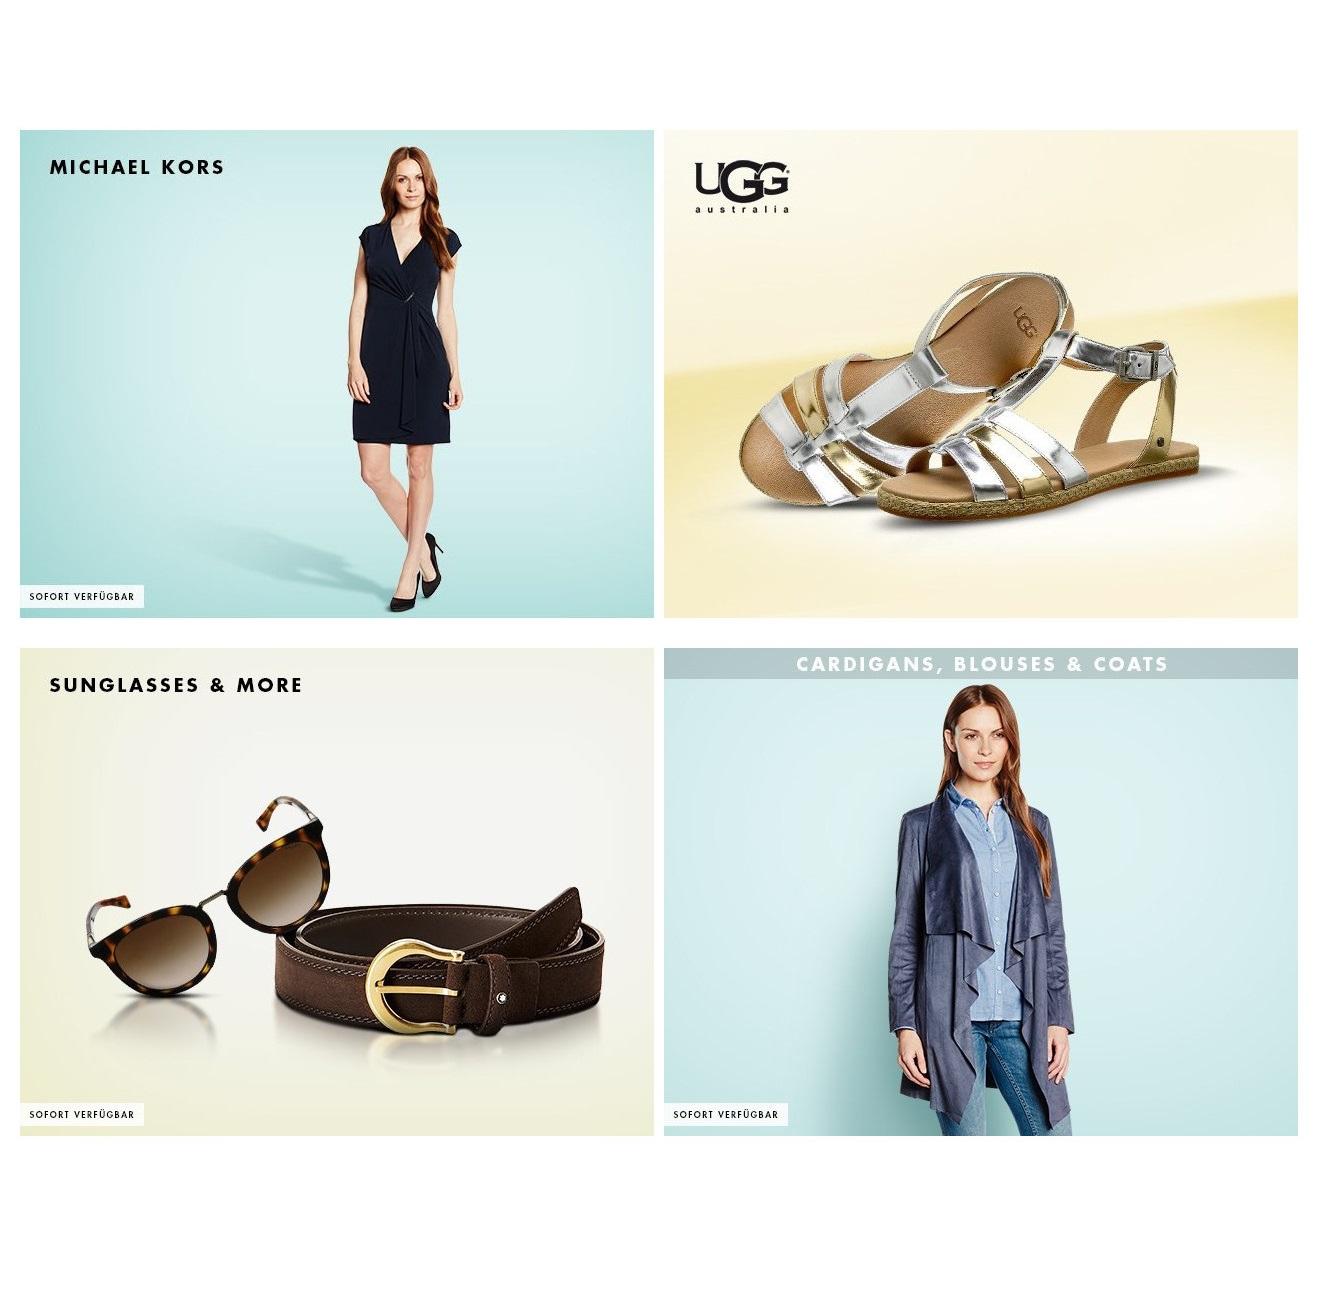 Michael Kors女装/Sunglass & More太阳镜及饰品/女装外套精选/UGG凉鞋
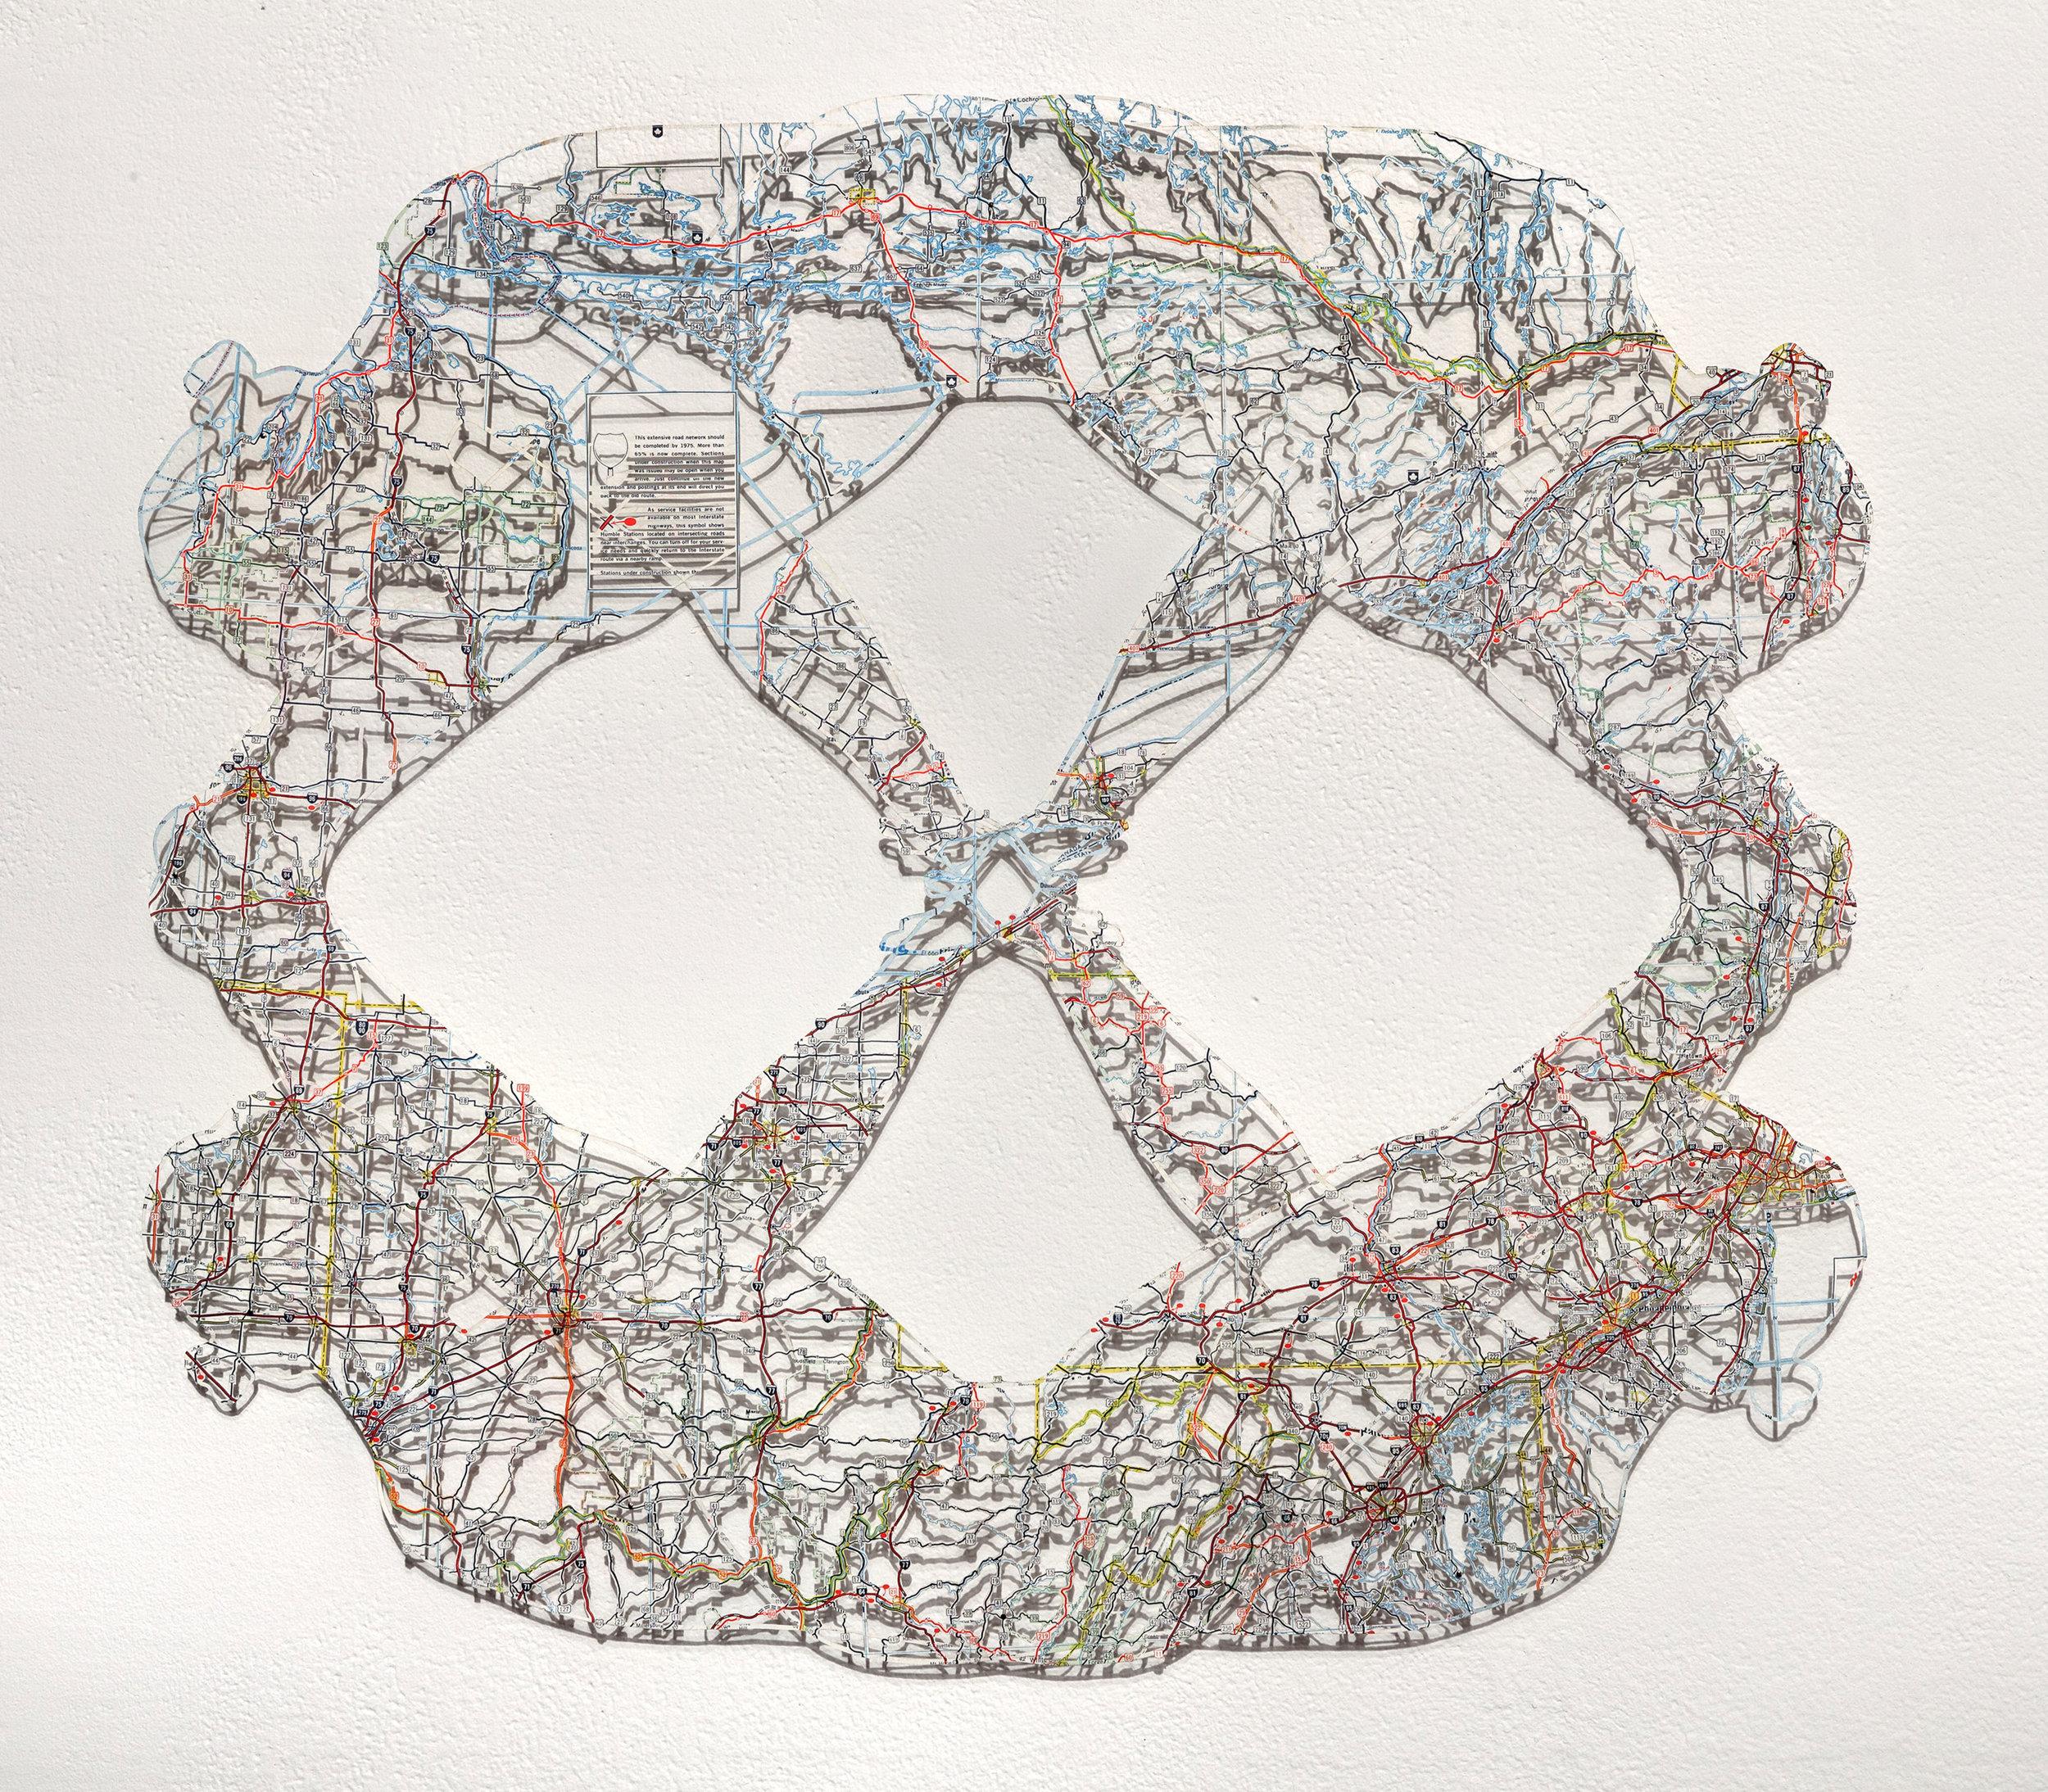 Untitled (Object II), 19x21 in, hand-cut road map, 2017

==

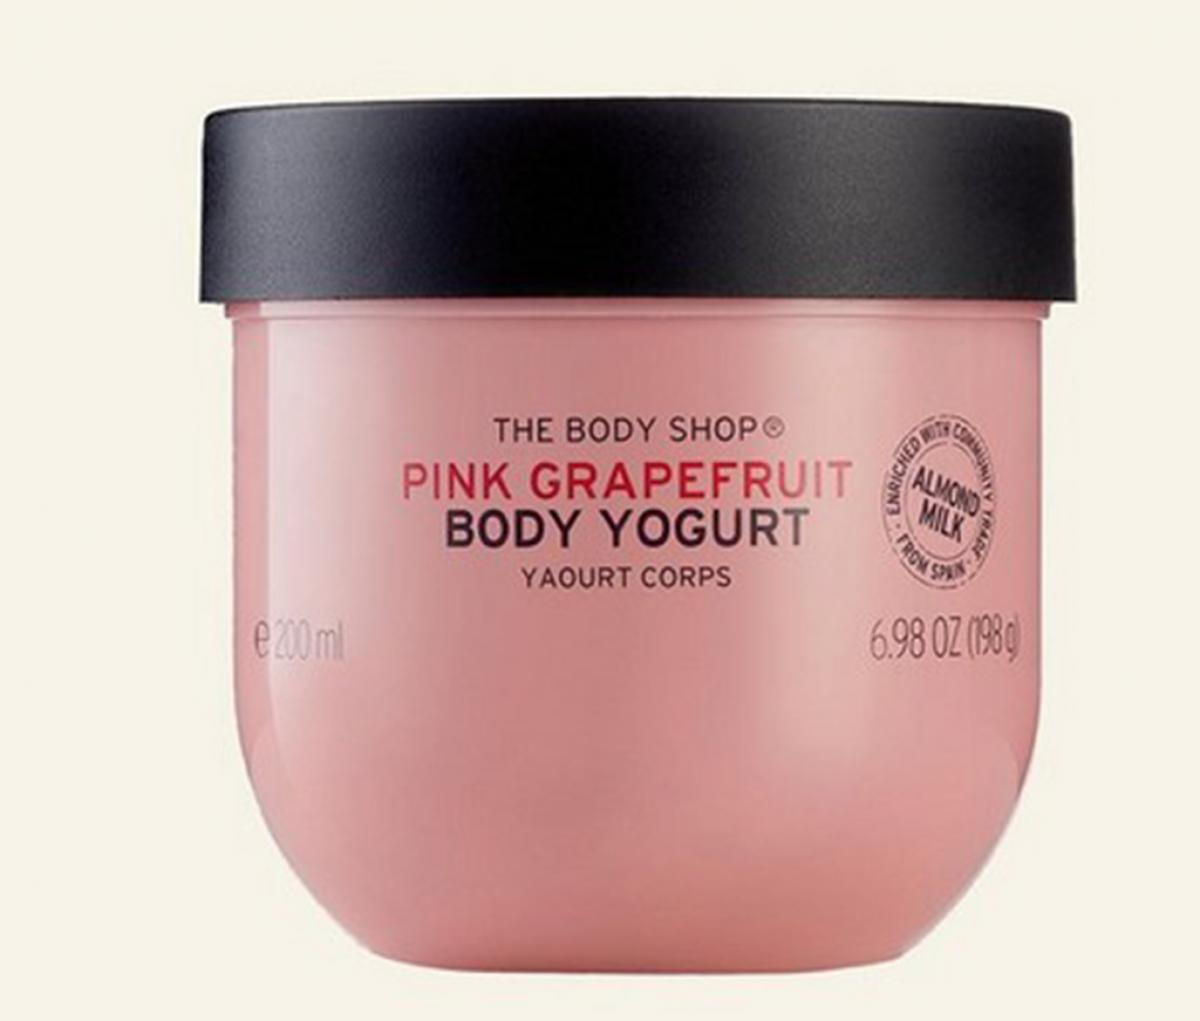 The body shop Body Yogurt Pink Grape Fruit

About this task: All that should be printed is the run of lines above from the one with "Michael Kors女装/Sunglass &" through the one with "Untitled (Object II), 19x21", both included, exactly as given, with pictures left out.

Exercise response:
 Michael Kors女装/Sunglass & More太阳镜及饰品/女装外套精选/UGG凉鞋
 Untitled (Object II), 19x21 in, hand-cut road map, 2017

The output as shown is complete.